A straight line which show the direction moment of light is called ray of light.

beam of light

A bunch of light rays or bundal of rays at a point is called beam of light.

How we see ?

When a light ray is falling (strike) on the surface of any object which reflect and reached to our eyes. Due to this our eyes feel a sensation then we see the object.

 Reflection of light

When rays of light falls on any object it return back in the same medium from the surface this phenomenon is called reflection of light. Due to reflection of light we can see all the nature.

 Incident ray

The ray of light which falls on a polished surface (or a mirror) is called the incident ray of light.

 Reflected ray

The ray of light which gets reflected from a polished surface (or a mirror) is called the reflected ray of light.

Normal

 The normal is a line at right angle to the reflecting surface.

 Laws of reflection

(i) The incident ray, the reflected ray and the normal to the surface at the point of incidence all lie in the same plane.

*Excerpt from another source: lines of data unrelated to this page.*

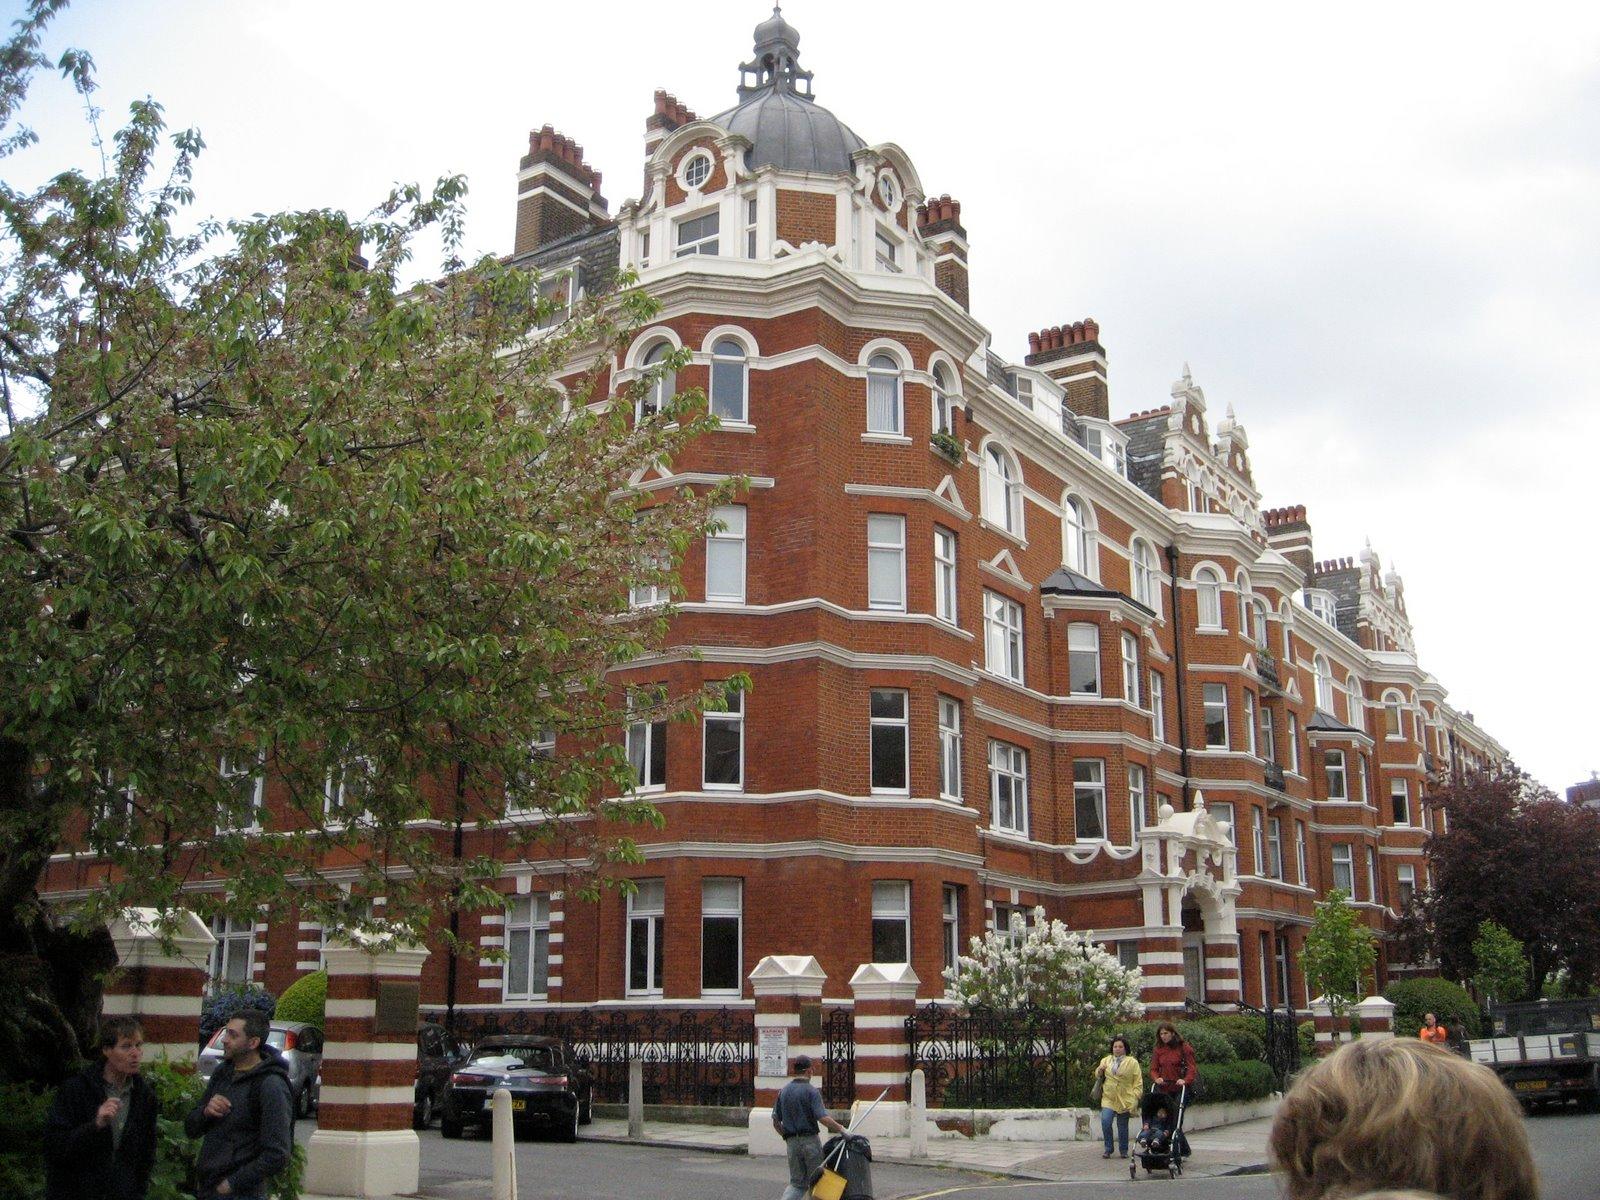 bokorelo little venice london walk. Black Bedroom Furniture Sets. Home Design Ideas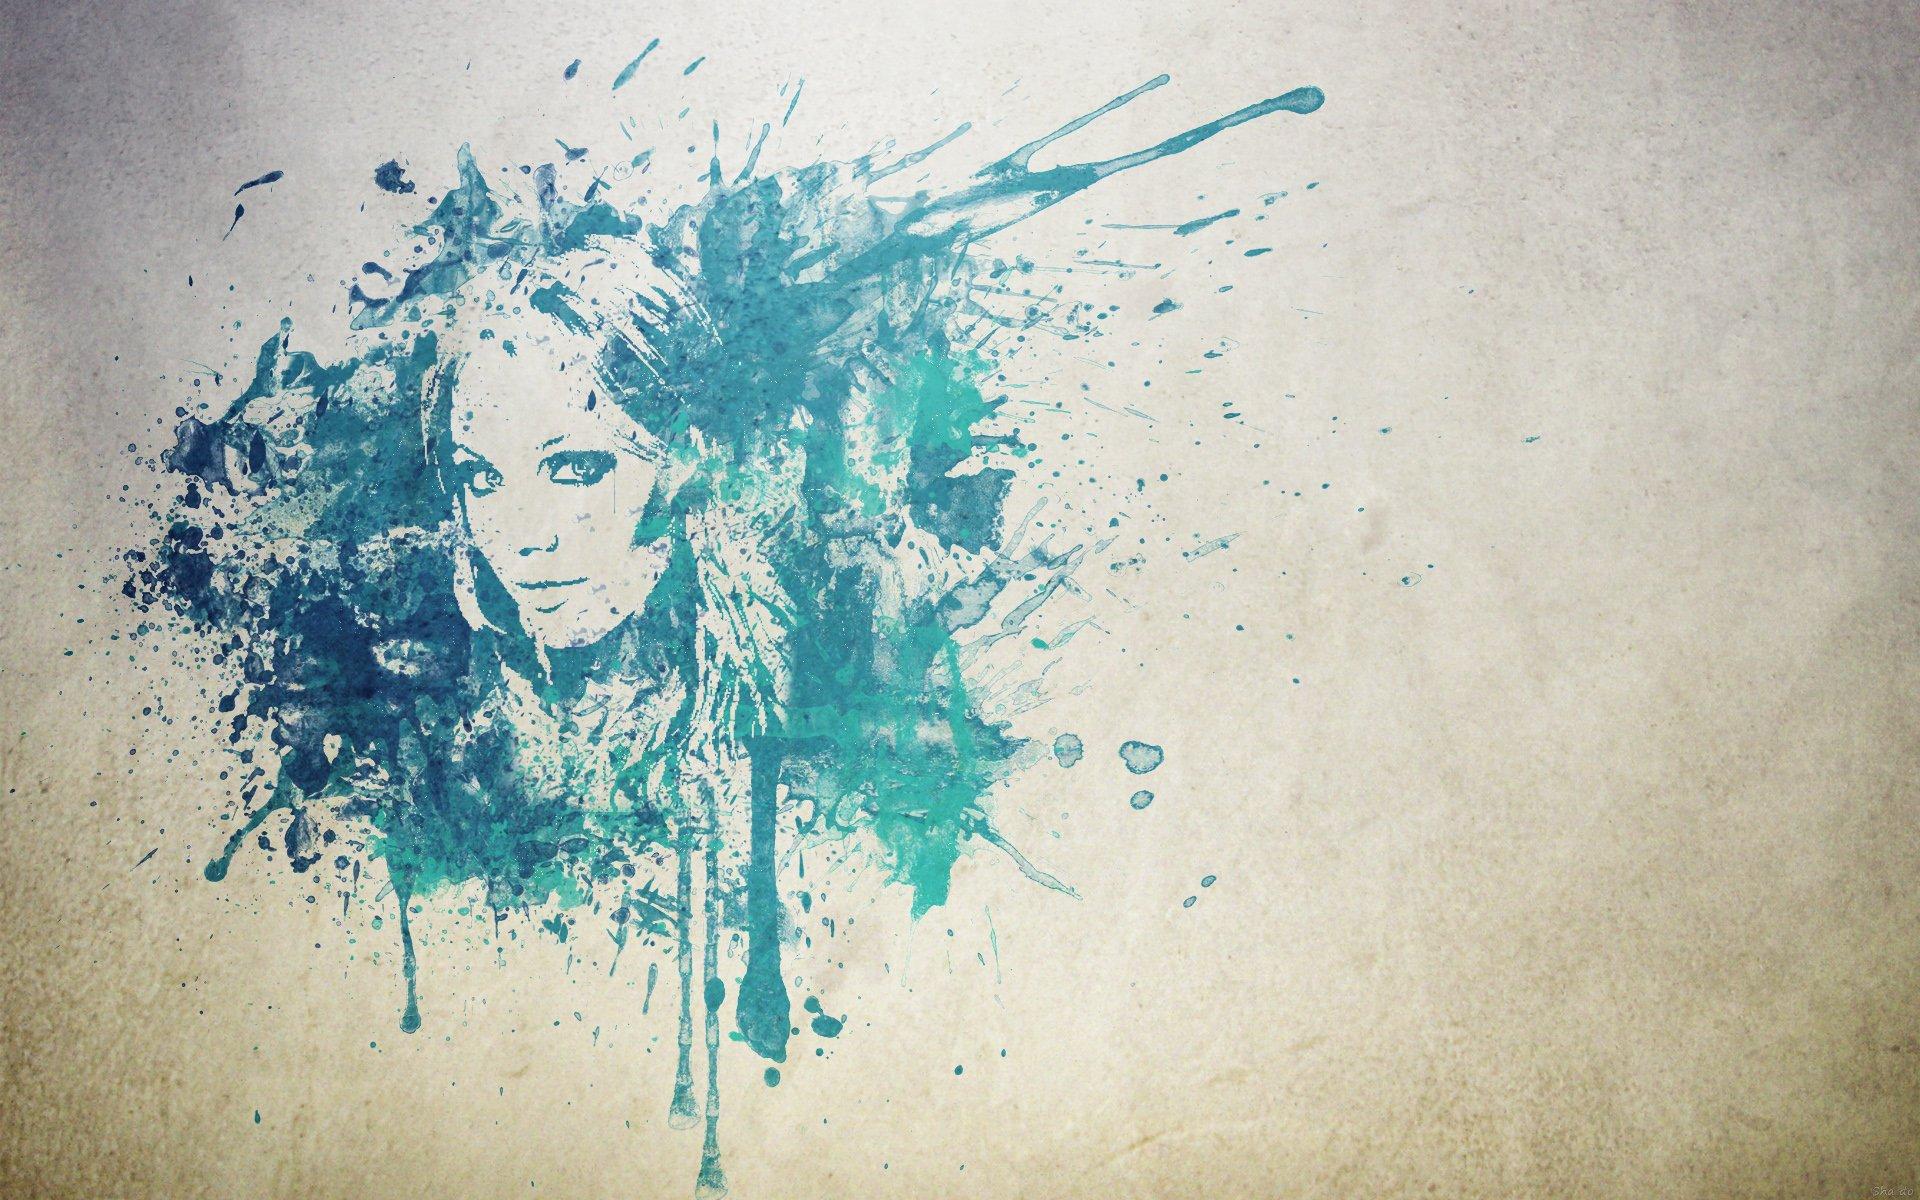 Wallpapers Digital Art Compositions 2D Splash !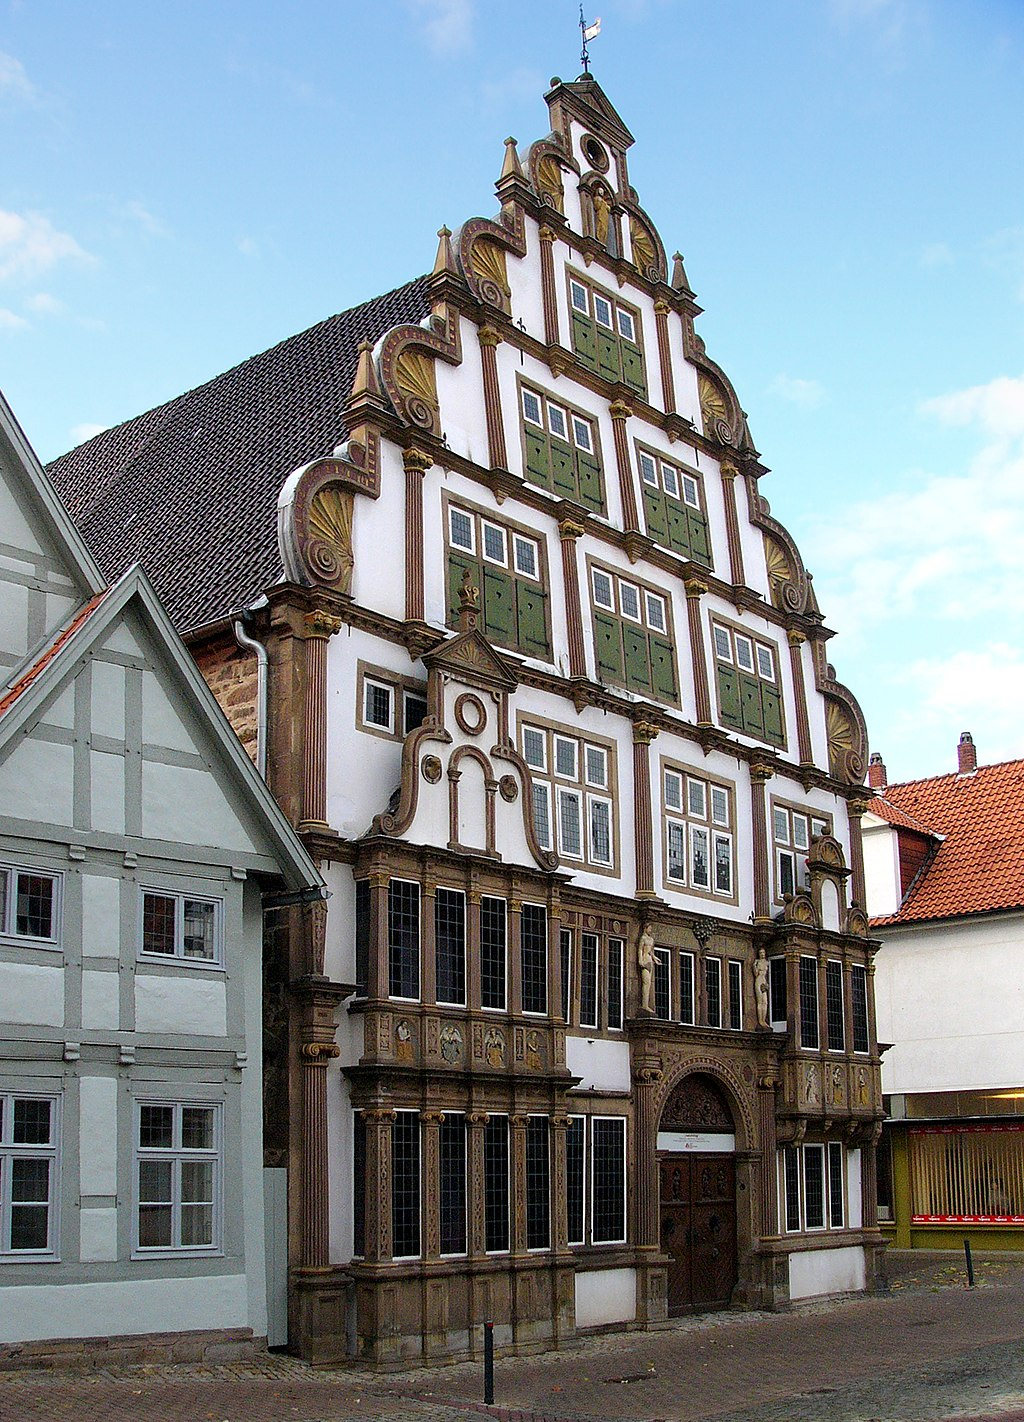 Lemgo Germany  city pictures gallery : Hexenbürgermeisterhaus in Lemgo, Germany

(ii) The angle of incidence (i) is always equal to the angle of reflection (r) i.e. i = r

• When a ray of light falls on a mirror normally or at right angle it gets reflected back along the same path.

Depending on the nature of the reflecting surface there are two types of reflection :-

(i) Regular (specular) reflection (ii) Irregular (diffused) reflection

Regular reflection

When paraller light rays fall on smooth plane surface like mirror, if all rays of light are reflected parallely along a difinite direction. Then this kind of reflection is called regular reflection.

Irregular reflection (Diffused reflection)

When paraller light rays fall on a rough surface all the rays of light are reflected in all possibal (Different) direction this is called diffused or irregular reflection.

Mirror

A smooth, highly polished reflecting surface is called a mirror.

When a glass plate is polished on one sided with reflecting material such silver or nickel then is becomes a mirror.

From the reflecting surface of mirror there are two types of mirror.

(i) Plane mirror (ii) Spherical or curved mirror

(i) Plane mirror : A highly polished plane surface is called a plane mirror or if a flat (totally plane) surface of a glass plate is polished one side of reflecting material is called plane mirror.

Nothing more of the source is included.